1.4.3. As Constituições sucessivas – A de 1937 tem redação igual, art. 95,
mas, a inserção é apropriada na parte do Poder Judiciário. A de 1946 mantém
redação idêntica (art. 204), porém, já inclui referência expressa às Fazendas
estadual e municipal e, assim, não fala em audiência do Procurador Geral da
República e sim do chefe do Ministério Público. Coloca a regra de volta às
Disposições Gerais. O texto primitivo da Constituição de 1967 mantém redação igual
ao de 1946, volta a ser disciplinado na parte do Poder Judiciário e cria a
obrigatoriedade de inclusão de verba orçamentária necessária ao pagamento de
todos os precatórios apresentados até 1º (primeiro) de julho (art. 112 e §§ 1º e 2º). O
texto de 1967, resultante da Emenda nº 1/1969, é “ipsis literis”.
Edvaldo Brito
Anais do IX Simpósio Nacional de Direito Constitucional
66
1.4.4. A Constituição de 1988 – O texto primitivo, contido no seu art.100,
inova em relação ao de sua antecedente, apenas, para acrescentar que o
pagamento teria de ser feito até o final do exercício seguinte.
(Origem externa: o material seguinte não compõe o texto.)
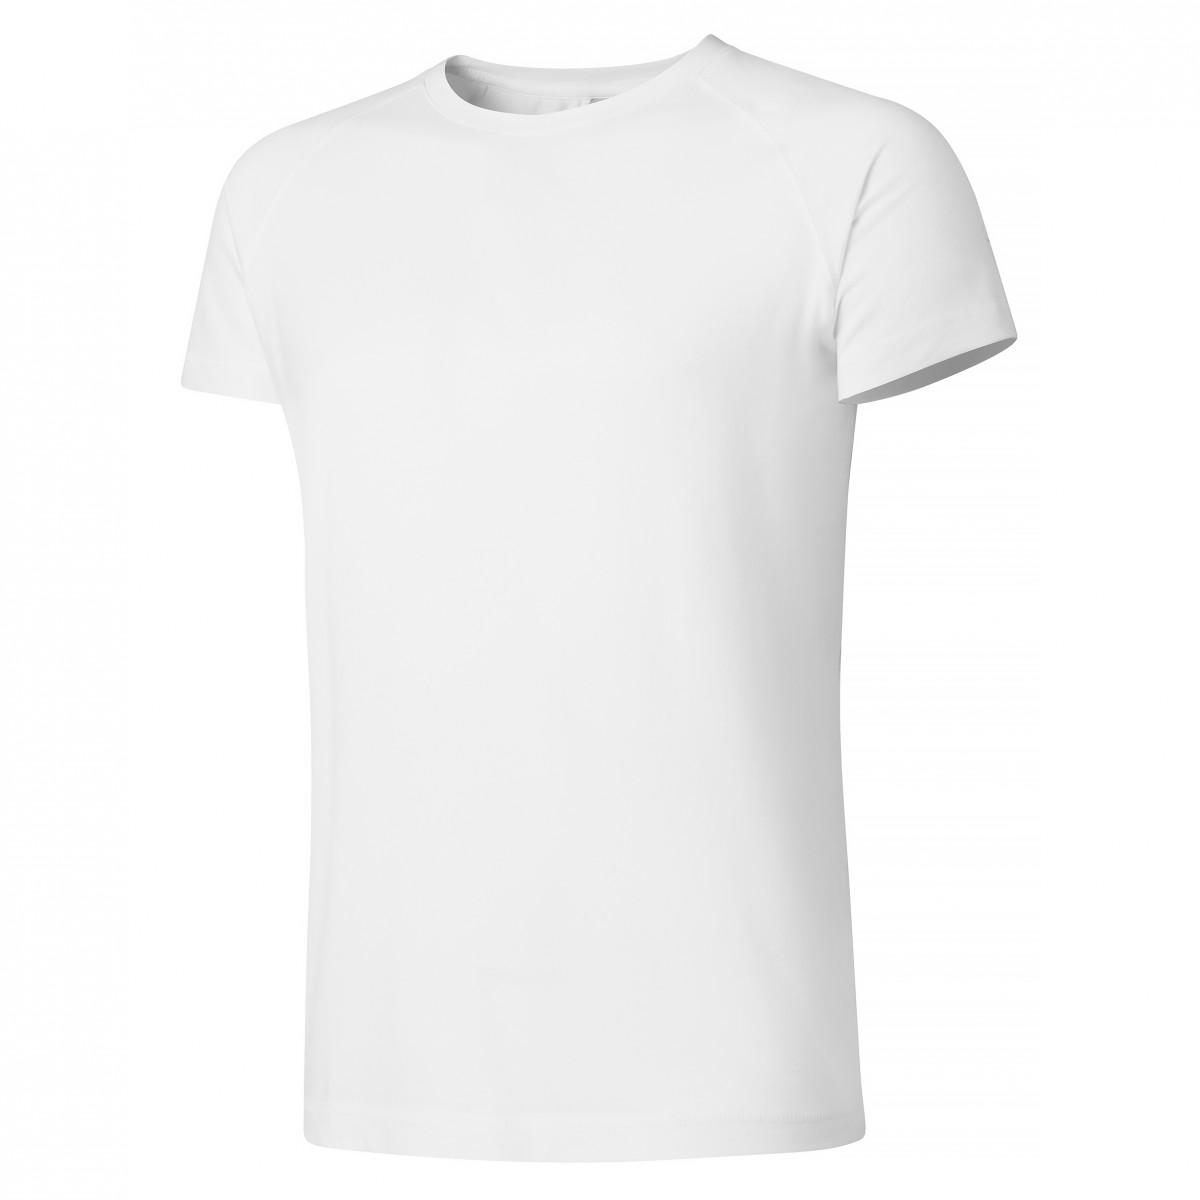 casall-graphic-korte-mouwen-t-shirt
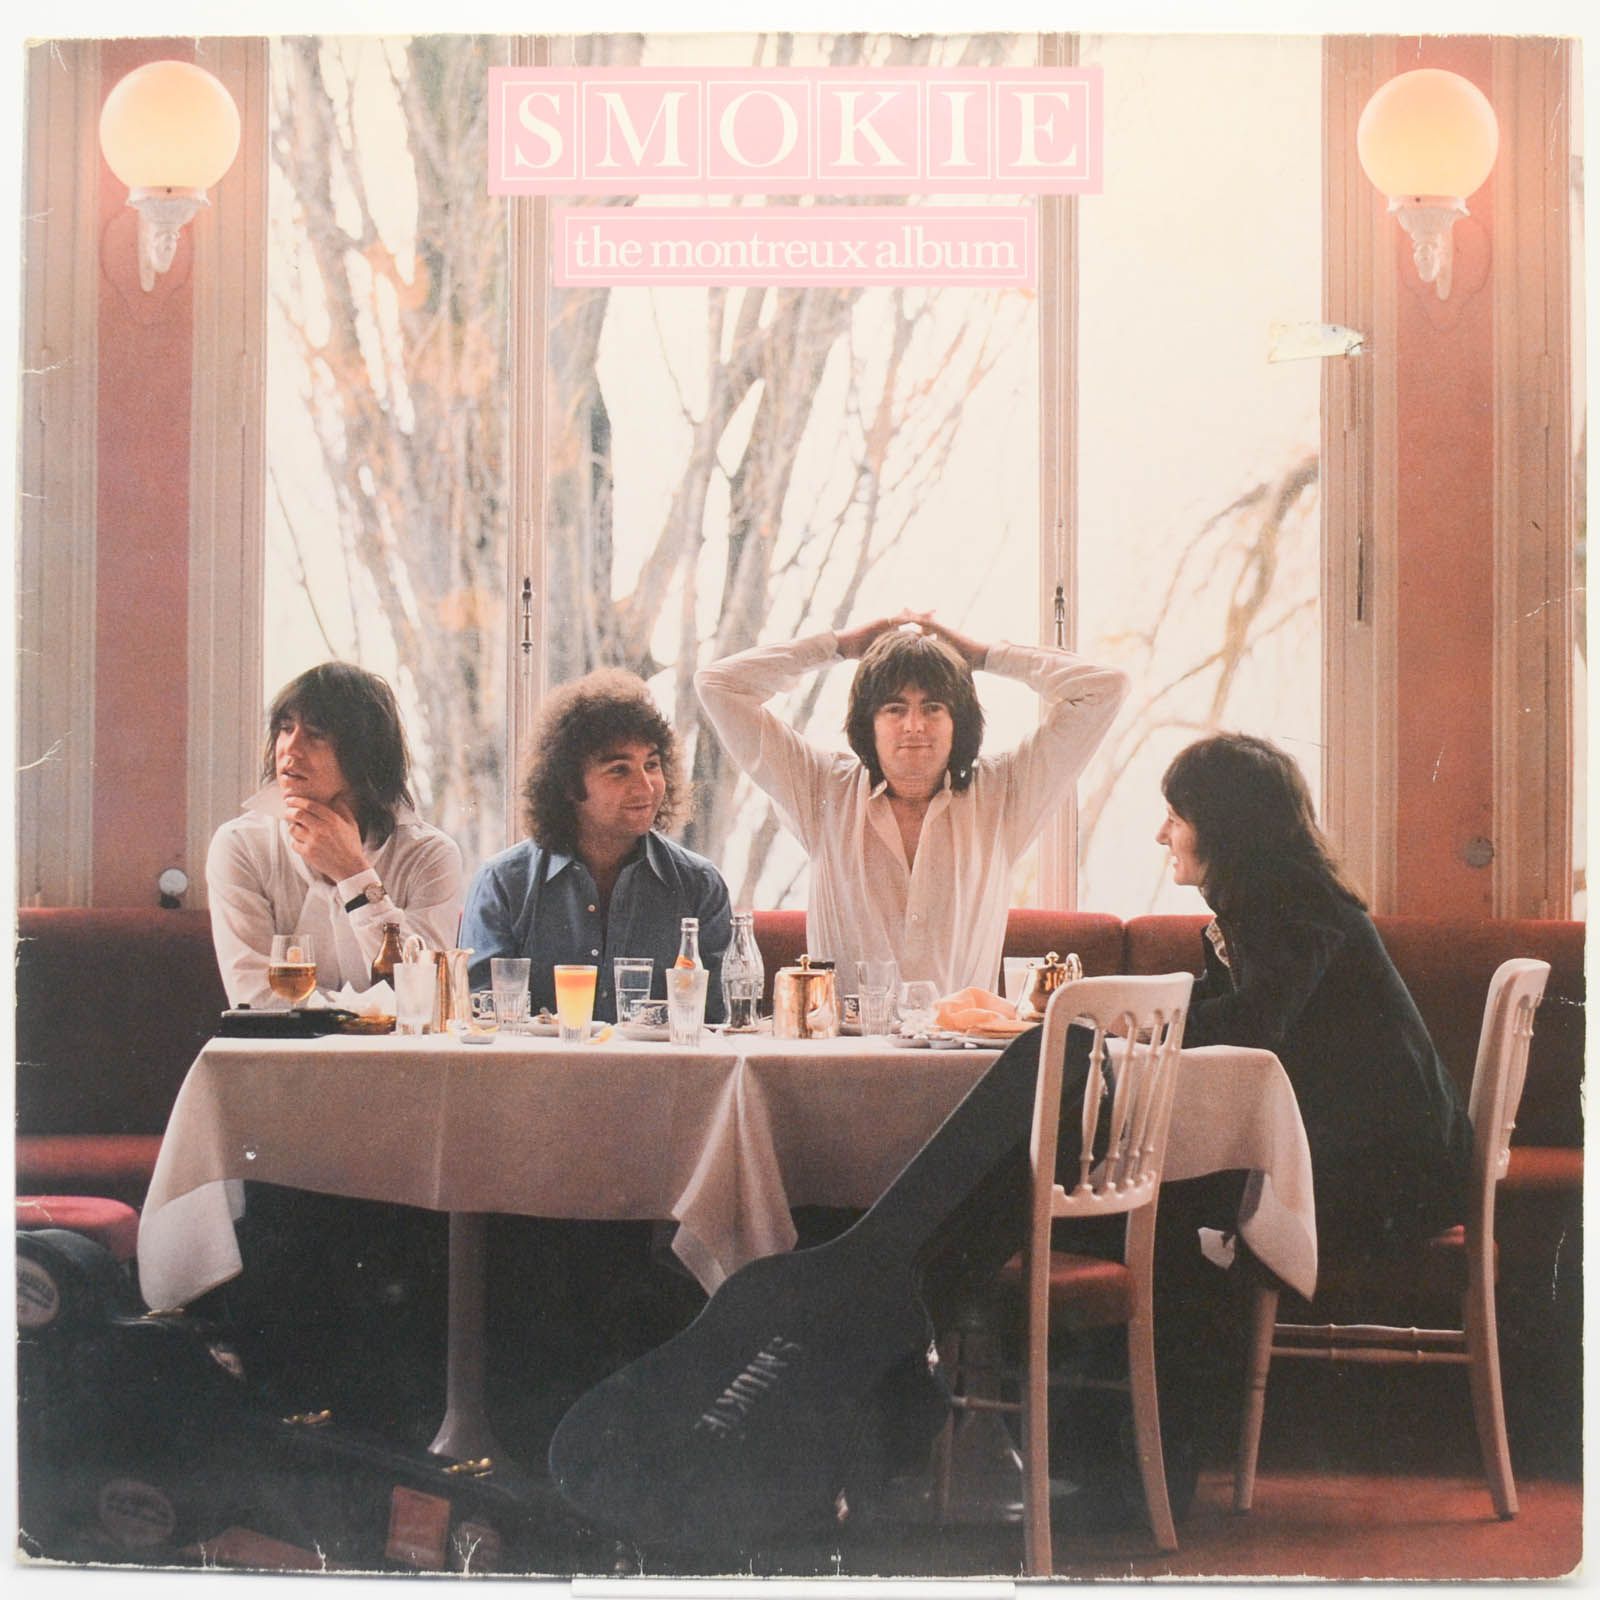 Smokie — The Montreux Album, 1978
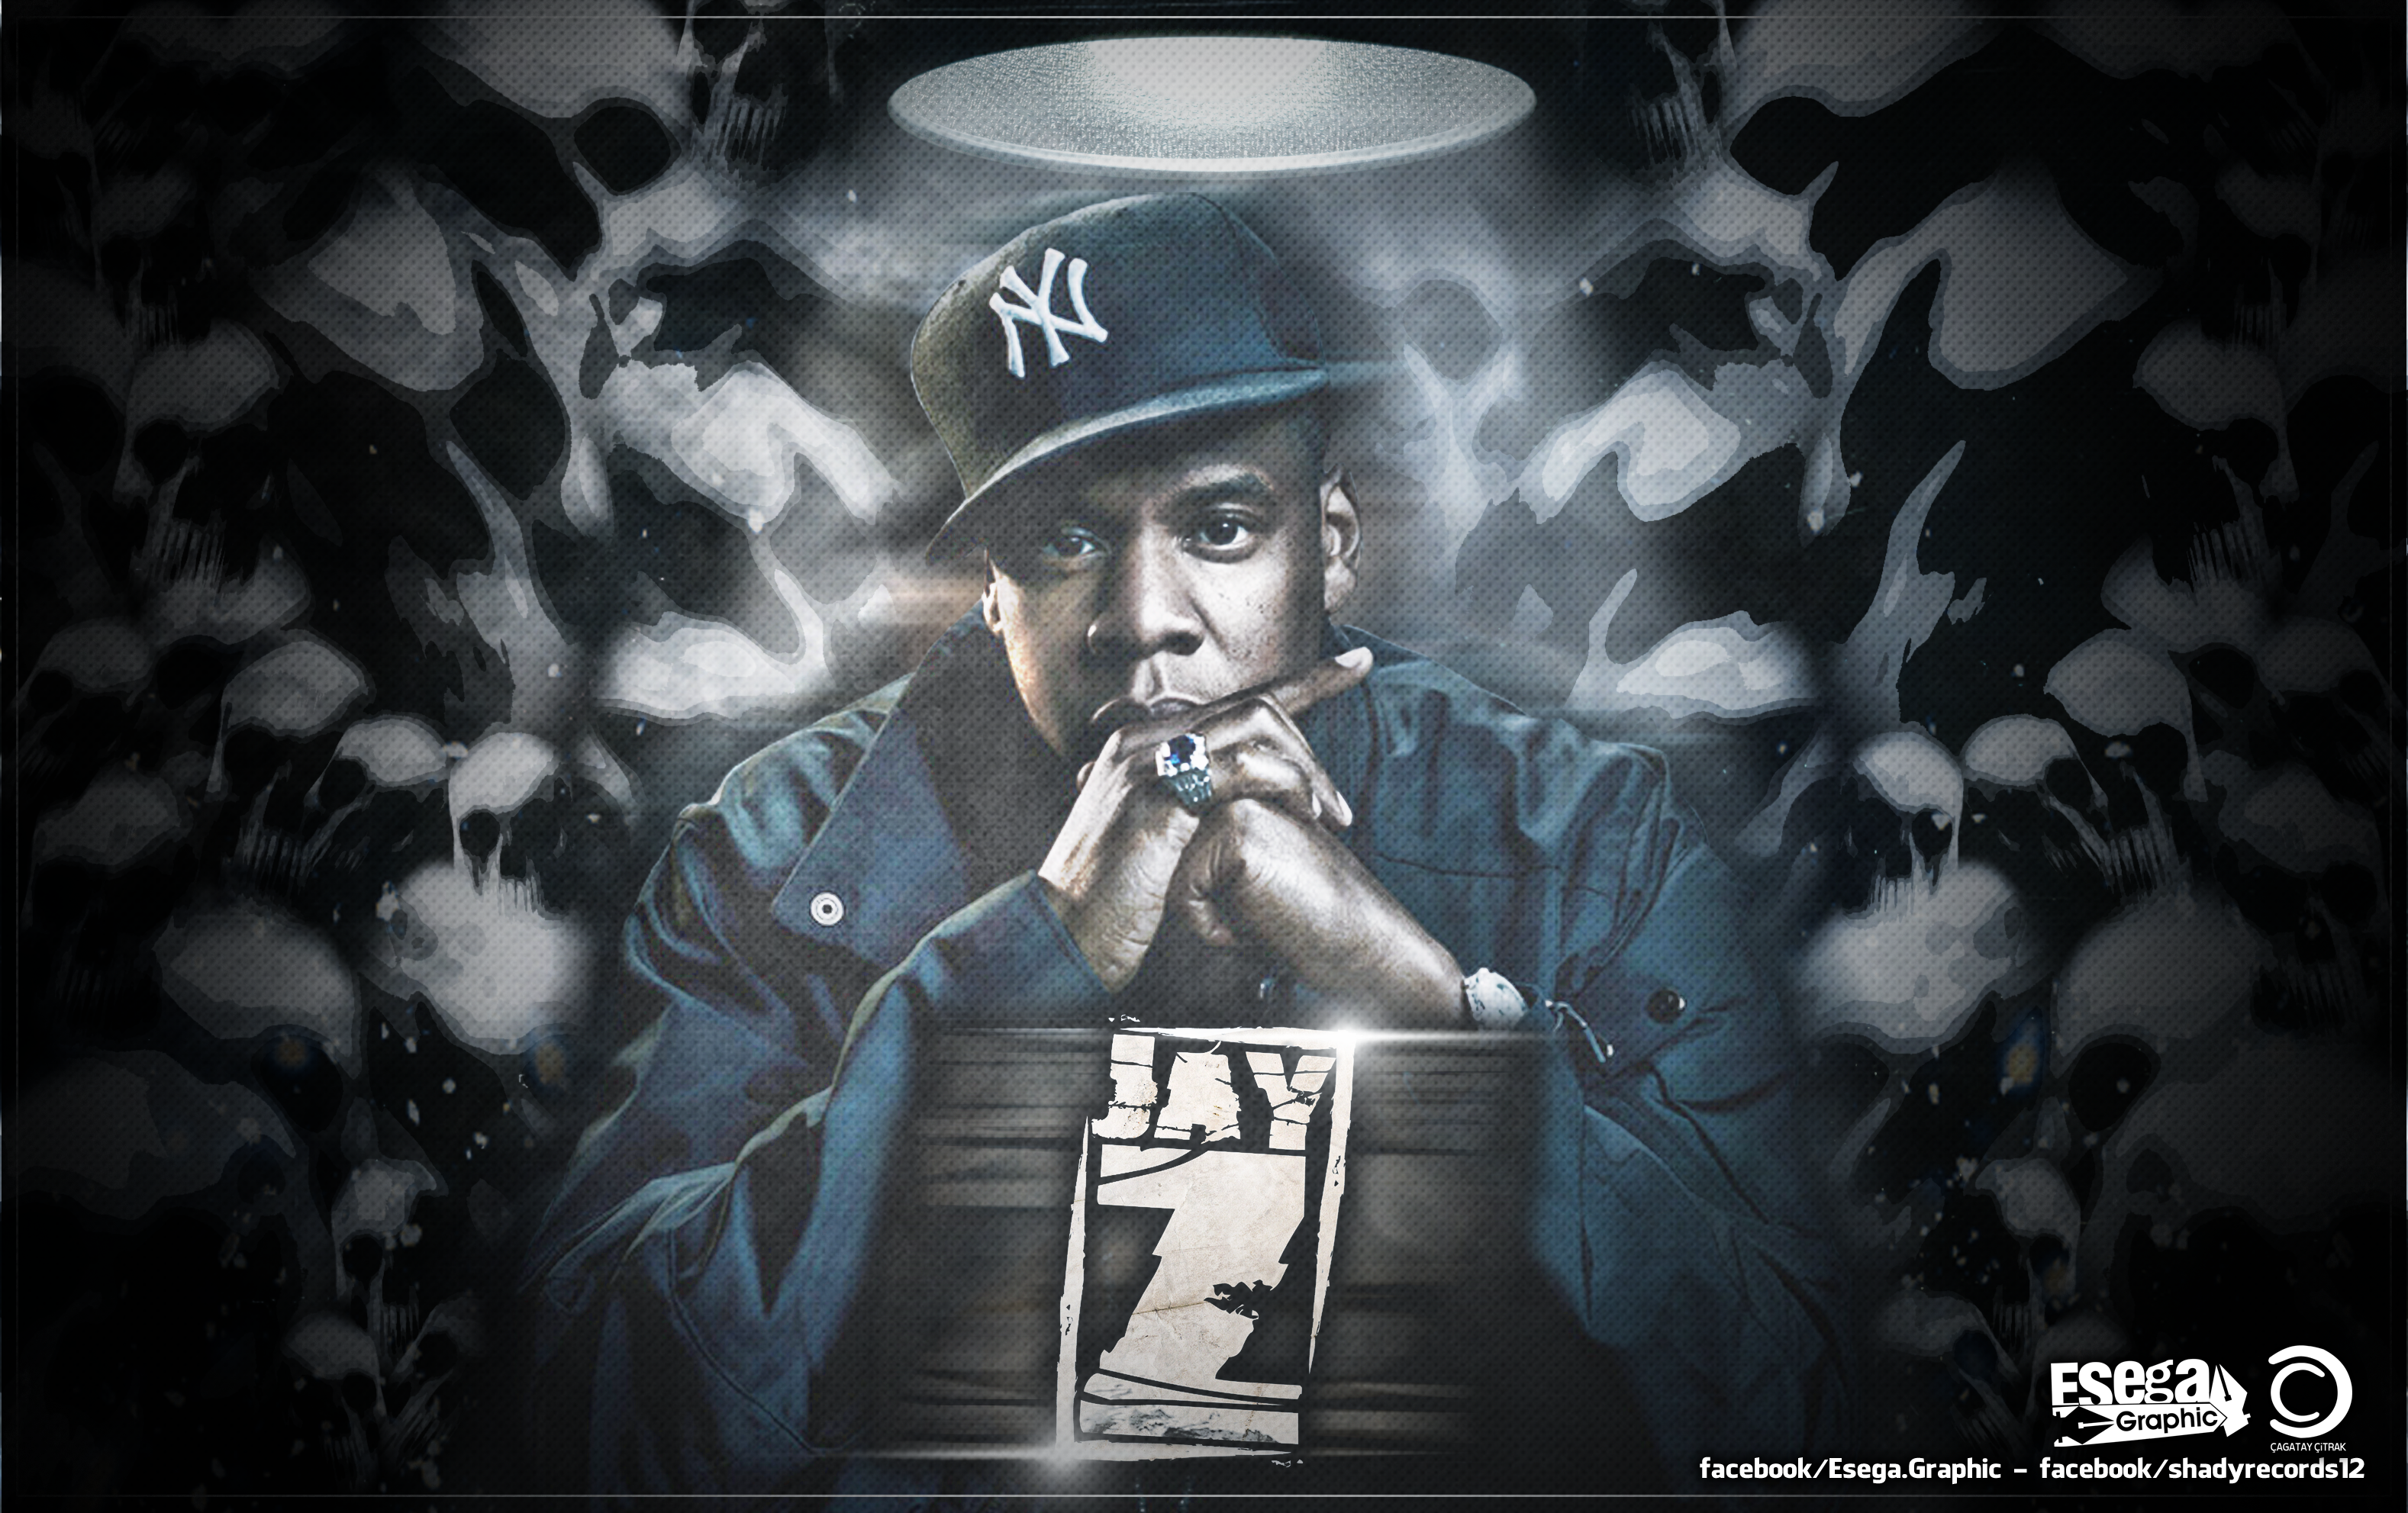 Jay Z Wallpaper Calismasi Esega Graphic Ft Cc By Esegagraphic On

Restaria, então, o pagamento do estoque. Por isso, na forma de sua
natureza jurídica de direito intertemporal, o Ato das Disposições Constitucionais
Transitórias estabeleceu no seu art. 33 que, ressalvados os créditos de natureza
alimentar, os precatórios judiciais pendentes poderiam ser pagos com juros e
correção monetária, em prestações anuais, no prazo máximo de oito anos, a partir
de 1º de julho de 1989, conforme decisão que teria de tomar o Poder Executivo em
até cento e oitenta dias da promulgação da Constituição (até 03.04.1989), podendo
emitir, em cada ano, títulos de dívida pública não computáveis para efeito do limite
global de endividamento.
O tema sugere o estudo da natureza jurídica do Ato das Disposições
Transitórias, tal como o autor deste trabalho fez às ps. 67 a 70 do seu livro citado na
nota de rodapé nº 2, a fim de, identificando o seu conteúdo típico, saber-se da
possibilidade, ou não, de alterá-lo.
O Ato é um conjunto de normas-regra, logo, não acolhe princípios. É que, a
par de sua natureza normativa, a matéria de que cuida participa do regime próprio
dos preceitos que constituem o chamado direito transitório ou direito intertemporal.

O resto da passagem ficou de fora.